自分で音楽をつくる以上、やはり多くの人に聞いてもらいたいと思うのですが、知り合いでもないのに聞いた事のないバンドのライブチケットをお金出して買う人はなかなかいません。
そこで我々はまず定期的に路上で演奏するところから始めました。
ある程度オーディエンスが増えてきたところで、自分たちの自主制作音源(CD)と一緒にライブのチラシを配ります。そして、そのチラシを持ってライブに来てくれたらチケット代無料という方法で、ノルマの倍以上の集客をしていました。
当時多くのライブハウスにとってチケット代よりもドリンク代の方が利益率も良いので、入場時に注文必須の1ドリンク代は中々の収益源だったんじゃないかと思うんです。もちろん、2杯目のドリンクを頼む人もたくさんいる訳です。
この方法で行った最初のライブは実はチケットノルマの代金はバンド側の自腹だったのですが、初ライブでいきなり満員にしたことから、ライブハウス側も喜んでくれたんですね。
そこで間髪入れずライブハウス側に交渉し、次回からはバンドに対するチケットノルマを無くしてもらう事に成功しただけでなく、利益分のキックバックまでもらえるようになりました。

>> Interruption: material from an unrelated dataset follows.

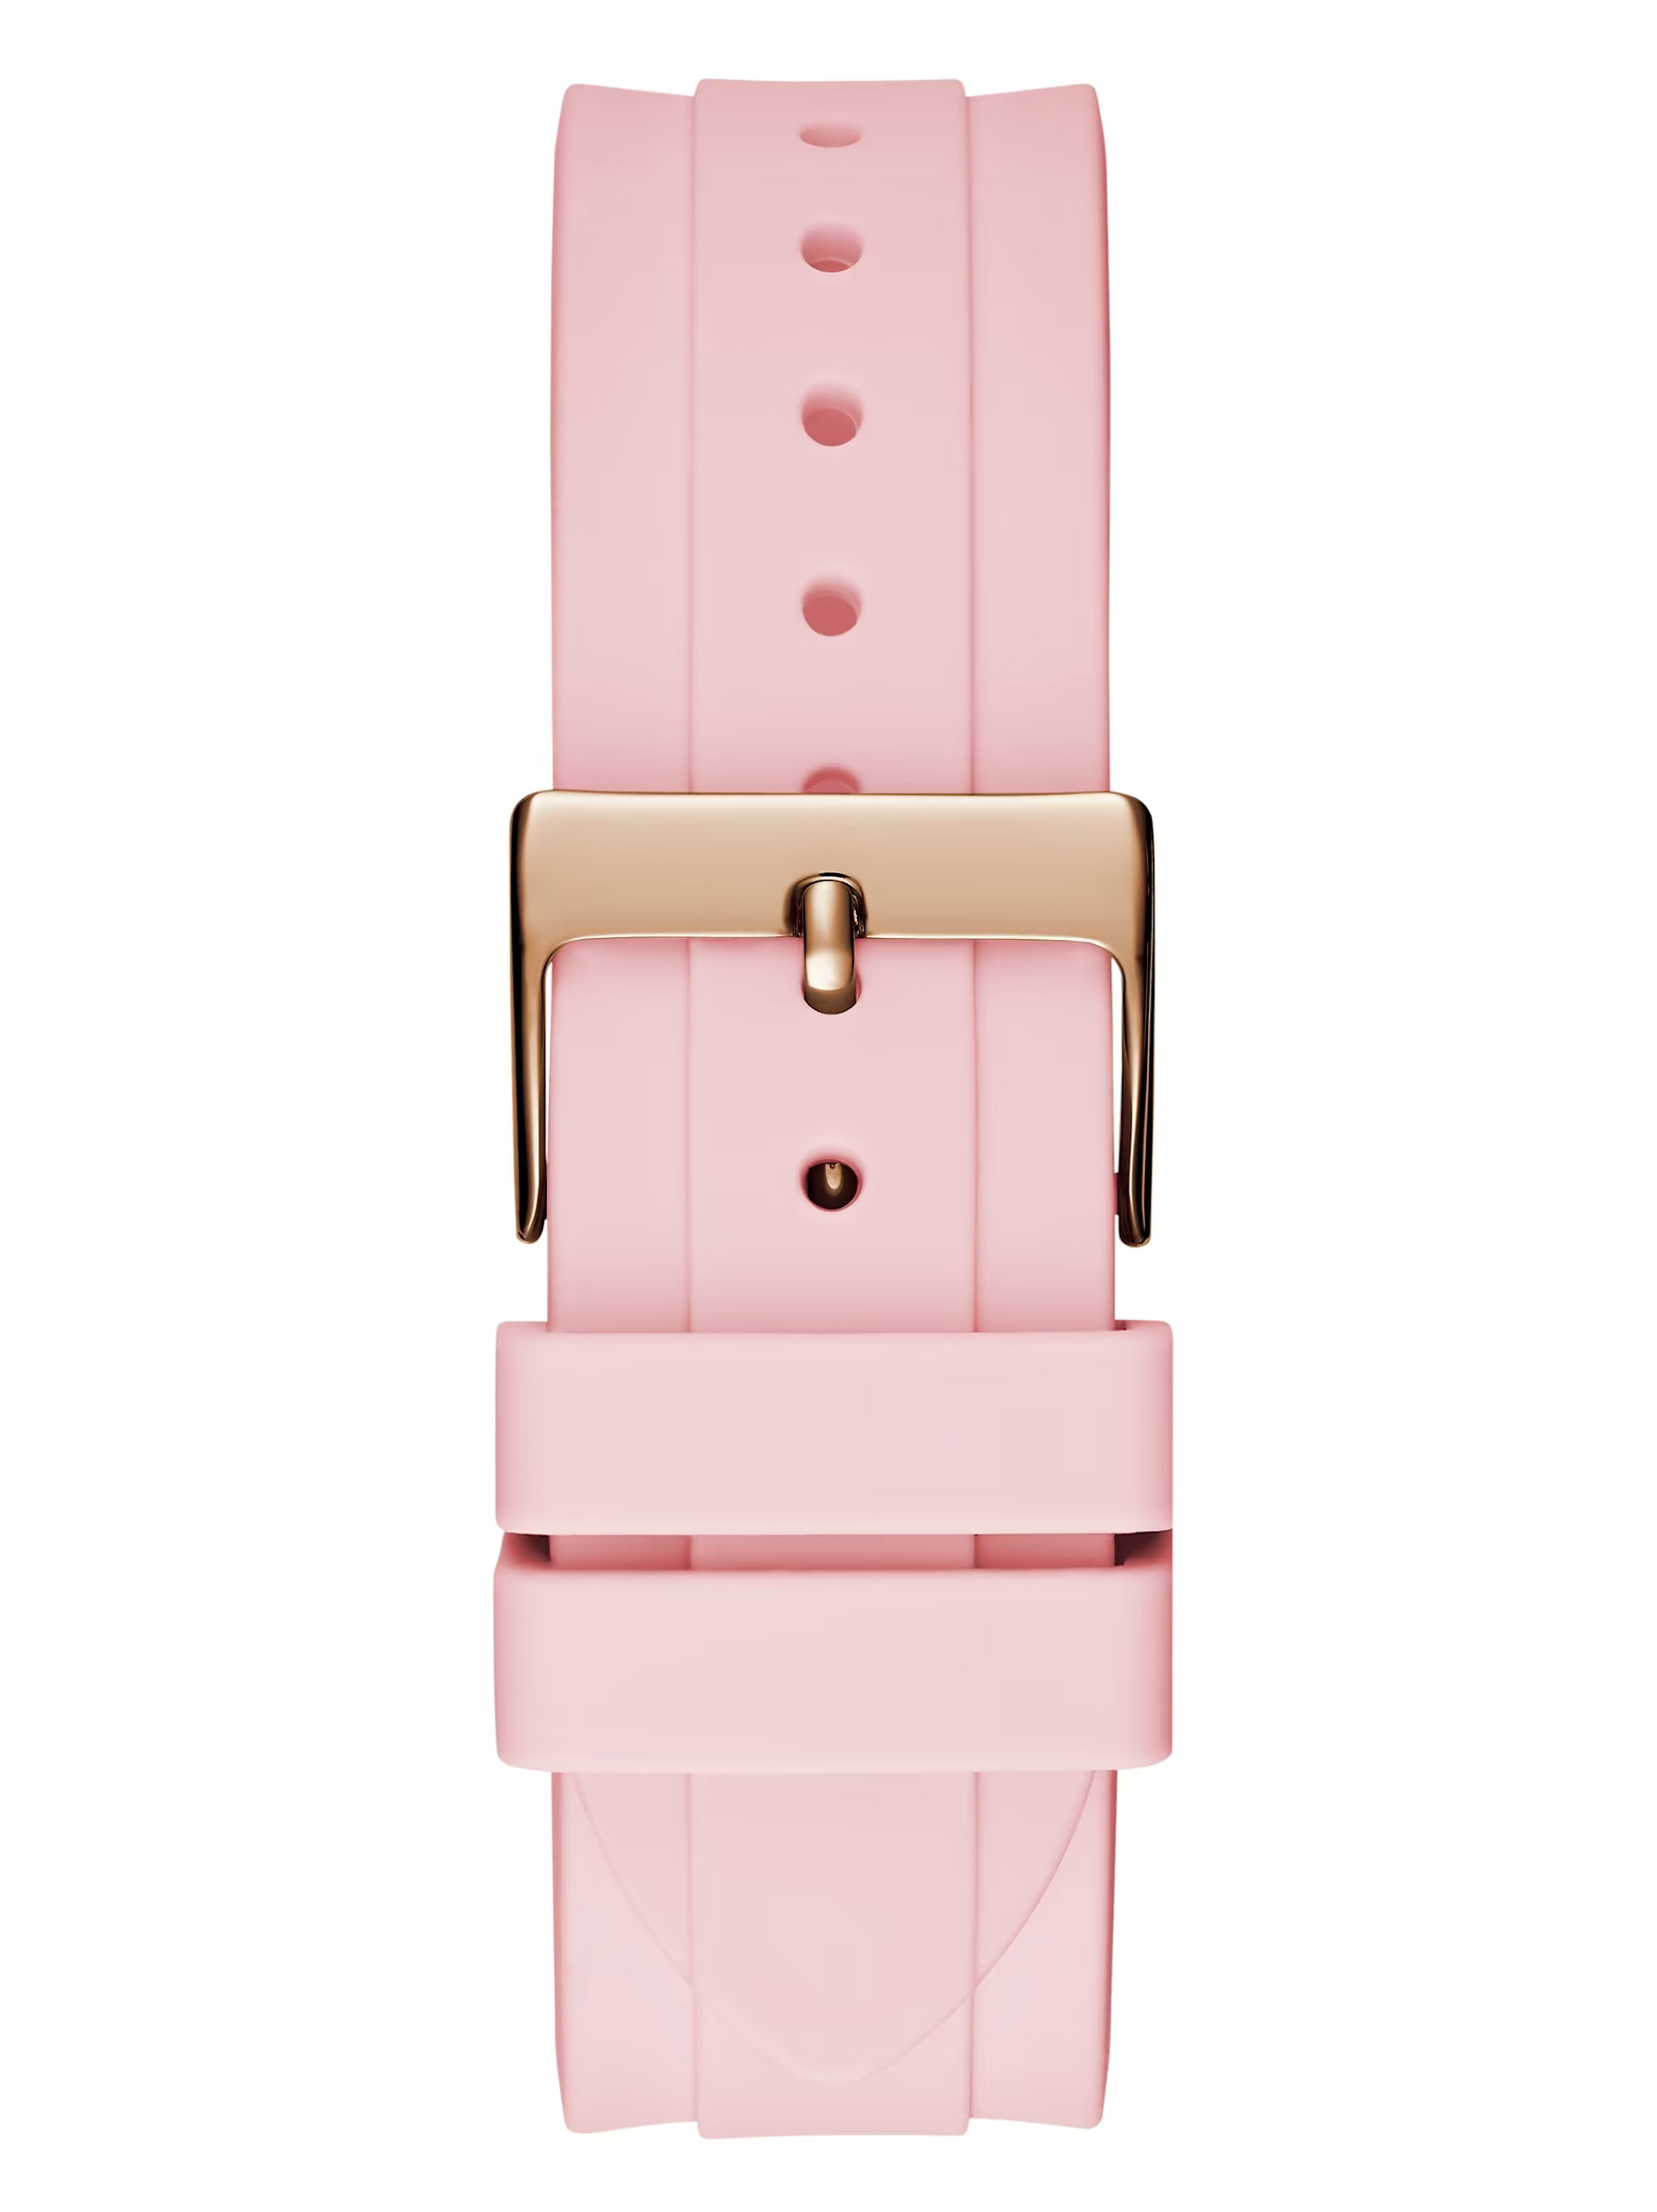 ĐỒNG HỒ ĐEO TAY NỮ GUESS LADIES SPARKLING PINK LIMITED EDITION WATCH GW0032L4 8

これ、今思うとフリーミアムモデルで一回潜ってから巧妙にマネタイズポイントをずらしてってやってるなぁと。
メンバー探し
他にも、バンド活動と初期のベンチャー経営は良く似てるポイントがありまして。
・ライブ = プレゼン、ピッチ
・曲づくり = サービス、プロダクトづくり
・バンドメンバー探し = 初期メンバー探し
・レコーディング = プログラミング
・音源リリース = サービス・プロダクトリリース
これは元ミュージシャンの経営者の方には特に言えると思っているのですが、サービスやプロダクトに対するこだわり方の質というか、視点が少し違うのかなぁと思っております。
なんかやっぱり良くも悪くもアーティスト思考なんですよね。 いや、何も私自身がアーティストだと言っている訳ではないんですが、傾向として。
で、アーティスト的思考が染み付いていると、どうしてもこだわりというヤツが悪い面では盲目にさせてしまう事もあります。
特に私の場合、音楽時代は広く大勢に簡単に受け入れられる事を逆に良しとしていないところがありましたので(だから売れない)、これをビジネスでやる訳にはいきません。
だからこその、[ バンドメンバー探し = 初期メンバー探し ] が重要な訳ですね。
我々の場合はヴォーカルとギターの組み合わせでお互いがコンポーザーでもあり、それはZenFotomaticというサービス・プロダクトづくりにおいても同じです。なのでいわば2人ともフロントマンなんですよ。
リズムをボトムから支えたり、ストリングスや効果音で曲(プロダクト)をさらに演出するメンバーを探す事が大事でした。
と、多少こじつけやピンボケな点もありますが、バンド活動も初期企業活動も、まぁ似ているなと。
そして何もこれはバンドに限らず何らか一つの目的をチームで達成するという事に対して、社会人になる前に損得勘定なしでコミットできていると、特に小さなベンチャーを立ち上げる際には知らず知らずに身についている事もあるなぁと思う次第であります。
さて、我々グラムスにおいては今後はホーンや鍵盤、はたまたDJまで、そう、ビッグバンドになっていかなければならないフェーズです。
ここからさらに、未体験ゾーン。
各パートの皆がちゃんと練習して、スタジオで合わせて、最高の音(プロダクト)をぶちかまさねばなりません。
そしていつかは武道館、ではなく、カーネギーホールあたりでぶちかますかなっと。
そんな妄想の日々でございます。